The inventors of the present invention have solved the above problems by setting the amount of hemicellulose to a certain amount or less in a tobacco material containing an aqueous dispersion medium and tobacco particles having an average particle diameter of 30 μm or less dispersed in the dispersion medium. That is, the said subject is solved by the following this invention.
(1) A tobacco material comprising an aqueous dispersion medium and tobacco particles having an average particle size of 30 μm or less dispersed in the dispersion medium,
A tobacco material, wherein the hemicellulose content in the tobacco material is 0.8 wt% or less based on bone dry tobacco particles.
(2) The tobacco material as described in (1) whose pH is 4.8 or less.
(3) The tobacco material according to (1) or (2), wherein the aqueous dispersion medium contains an aqueous organic compound.
(4) The tobacco material according to (3), wherein the aqueous organic compound is selected from the group consisting of monohydric alcohols, polyhydric alcohols, sugar alcohols, saccharides, polyhydric alcohol esters, and combinations thereof.
(5) The tobacco material according to any one of (1) to (4), wherein the content of water in the aqueous dispersion medium is more than 50% by weight in the aqueous dispersion medium.
(6) The tobacco material according to any one of (1) to (5), wherein the content of the tobacco particles is 1 to 40% by weight.
(7) The tobacco material according to any one of (1) to (6), wherein the tobacco particles are particles derived from tobacco raw material, fermented tobacco raw material, or heat-treated tobacco raw material.
(8) The tobacco material according to (7), wherein the cultivar of the tobacco material is yellow species, burley species, native species, or orient leaves.
(9) preparing a dispersion containing an aqueous dispersion medium and tobacco particles having an average particle diameter of 30 μm or less dispersed in the dispersion medium, and heating the dispersion to 160 ° C. or higher,
A method for producing a tobacco material according to any one of (1) to (8).
(10) The method according to (9), wherein the heating is performed under pressure.
(11) A tobacco product comprising the tobacco material according to any one of the above (1) to (8).
(12) The tobacco product according to (11), further comprising a base material, and containing 0.01 to 5% by weight of the tobacco particles relative to the base material.
(13) A method of producing a tobacco product according to (12), which comprises the step of adding the tobacco material according to any one of (1) to (8) to the base material.

The present invention can provide a low viscosity tobacco material in which tobacco particles are dispersed in an aqueous dispersion medium.

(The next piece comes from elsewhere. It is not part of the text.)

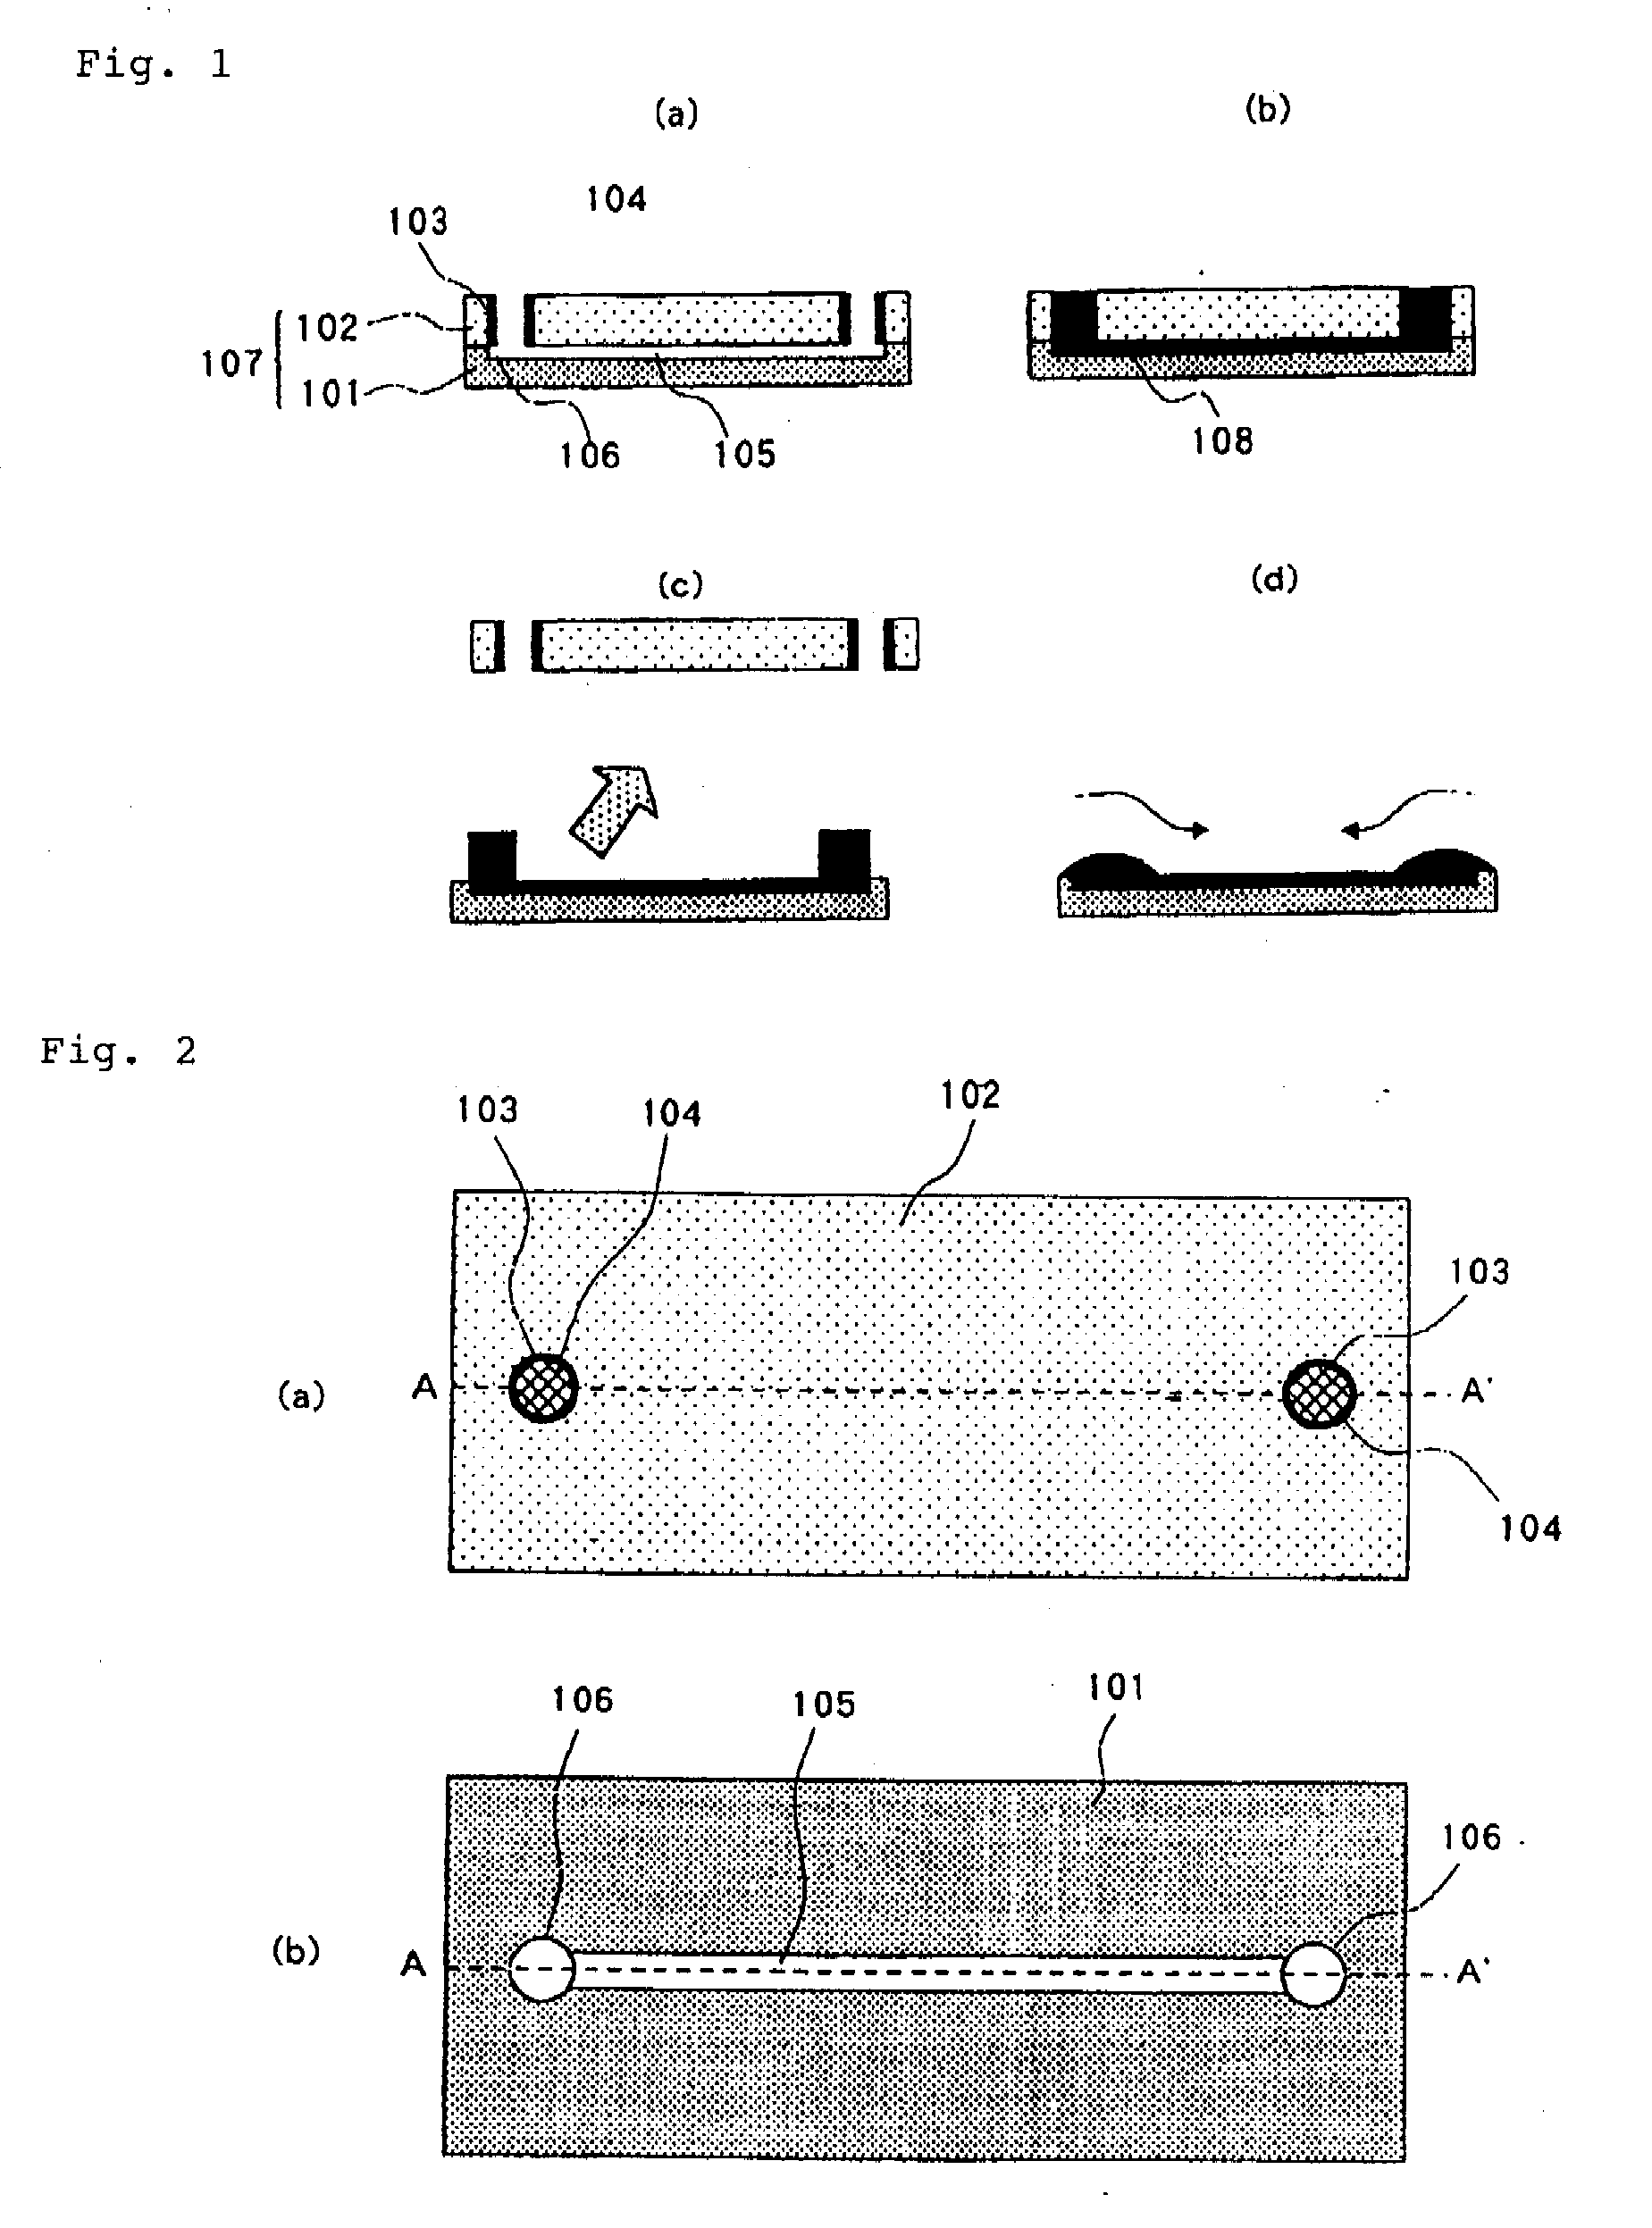 Microchip and analysis method using the microchip

Diagram showing the viscosity of tobacco material Diagram showing the viscosity of tobacco material Diagram showing the viscosity of tobacco material Figure showing the results of storage test Diagram showing the pH of tobacco material

Hereinafter, the present invention will be described in detail. In the present invention, “X to Y” includes X and Y which are final values.

1. Tobacco Material The tobacco material of the present invention comprises an aqueous dispersion medium and tobacco particles having an average particle size of 30 μm or less dispersed in the dispersion medium.

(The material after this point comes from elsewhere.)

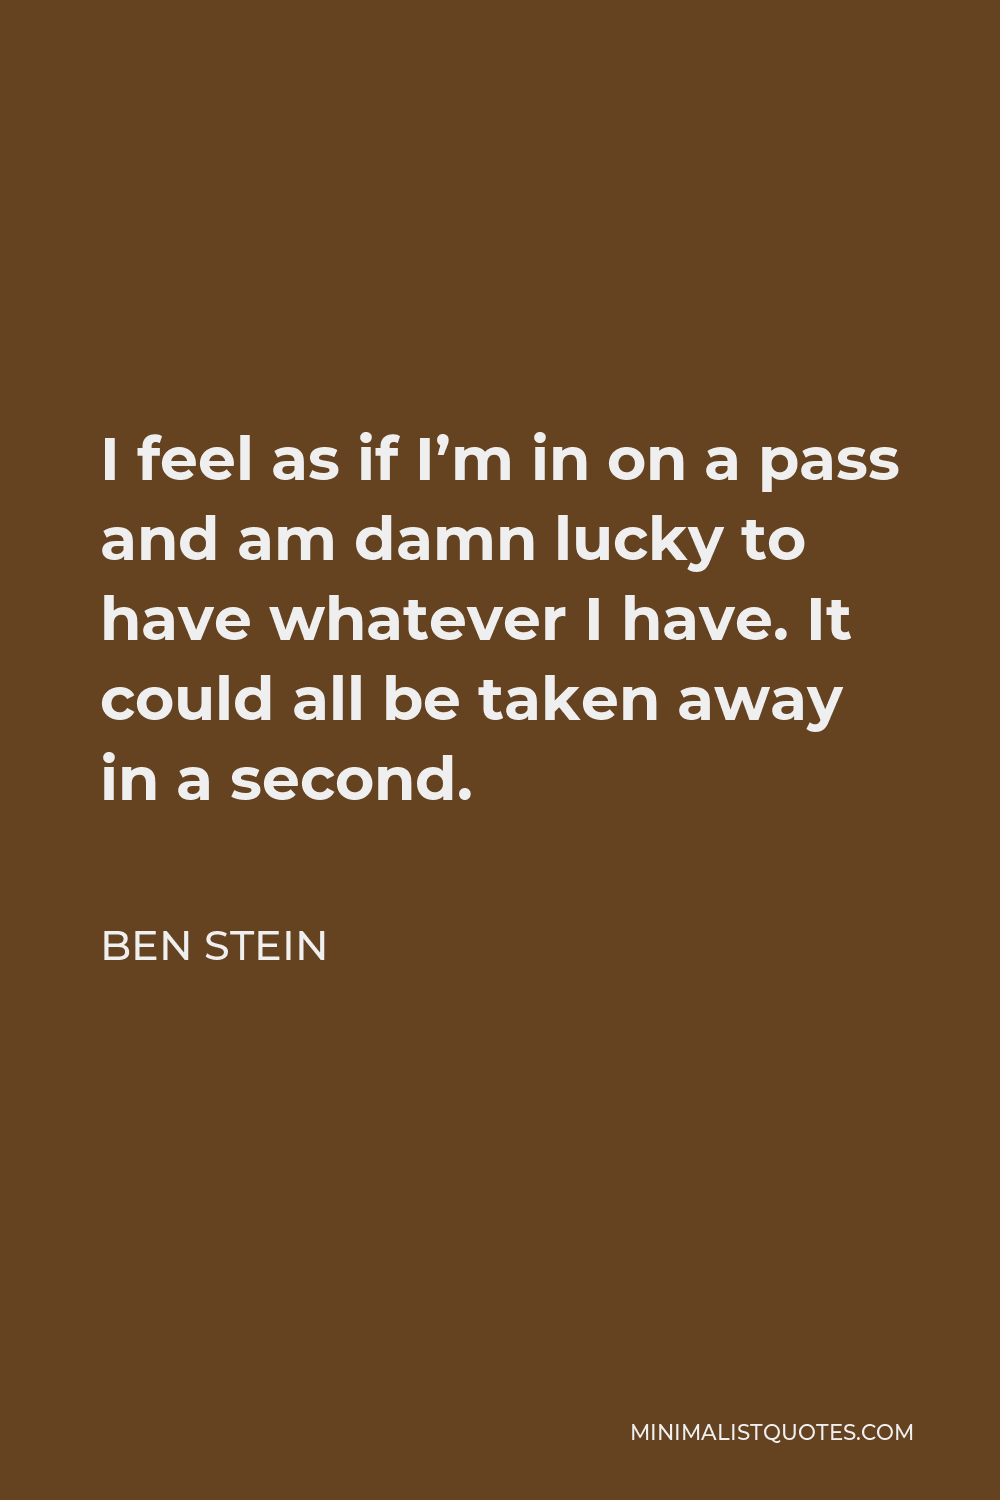 Ben Stein Quote - I feel as if I’m in on a pass and am damn lucky to have whatever I have. It could all be taken away in a second.

(1) Tobacco Particles The tobacco particles may be derived from tobacco raw materials, fermented tobacco raw materials, or heat-treated tobacco raw materials. A tobacco raw material is the whole tobacco or the site | part of tobacco, and a leaf, vein, stalk, a root, a flower, and these mixtures can be used as a site | part. The type of tobacco is not particularly limited, and examples thereof include yellow species, burley species, native species, and orient leaves. The state of the tobacco material to be used may be a fresh leaf which has not been subjected to drying immediately after harvest, etc., or it may be dried after harvest, or these may be used in combination. In addition, it is also possible to use tobacco, expanded tobacco and sheet tobacco obtained by processing these tobacco raw materials. These may be used alone, or two or more types of varieties or portions may be used in combination.

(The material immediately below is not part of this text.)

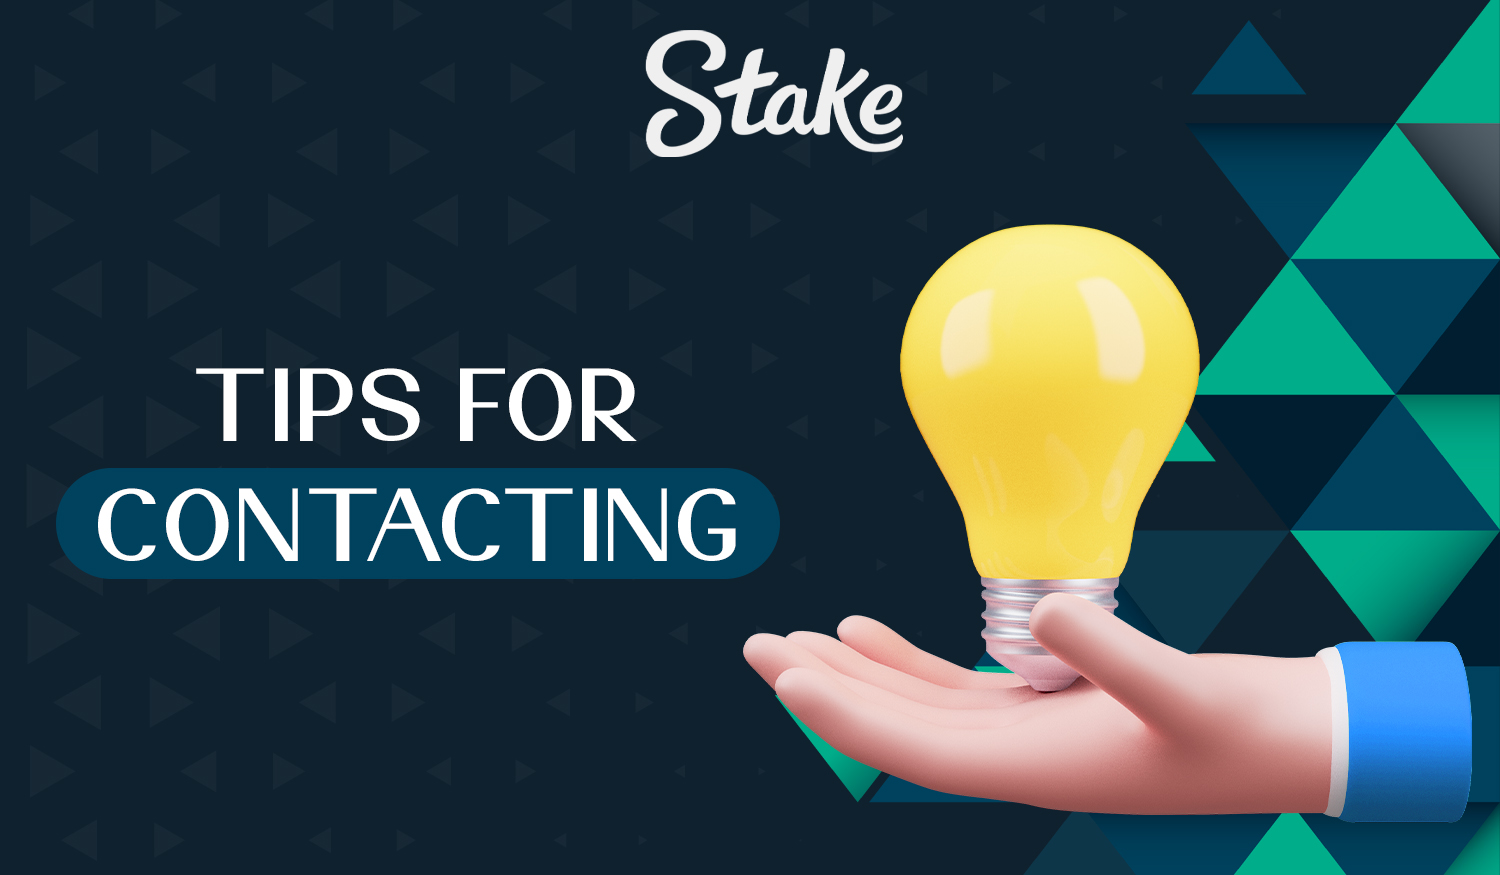 Top tips for Stake users to communicate with Stake's support team in the most efficient way

The tobacco particles can be prepared by any method, but it is preferable to subject the tobacco raw material to a usual drying treatment and then to coarsely grind it with a usual coarse crusher and then to finely grind it. Drying treatment and coarse grinding may be performed as known, and the average particle size of the coarsely crushed tobacco particles is preferably in the range of several hundred μm to several mm. The method of pulverization is also not limited, and any method of wet pulverization or dry pulverization may be used. The wet pulverization can be carried out by adding a liquid dispersion medium to coarsely pulverized tobacco particles and mixing them, and treating the mixture with a wet pulverizer (for example, MIC-2: manufactured by Nara Machinery Co., Ltd.). The rotation speed of the pulverizer is preferably 1100 to 1300 rpm, and the pulverizing time is preferably about 5 to 100 minutes. The dry pulverization can be carried out by treating the roughly pulverized tobacco particles with a dry pulverizer such as a jet mill.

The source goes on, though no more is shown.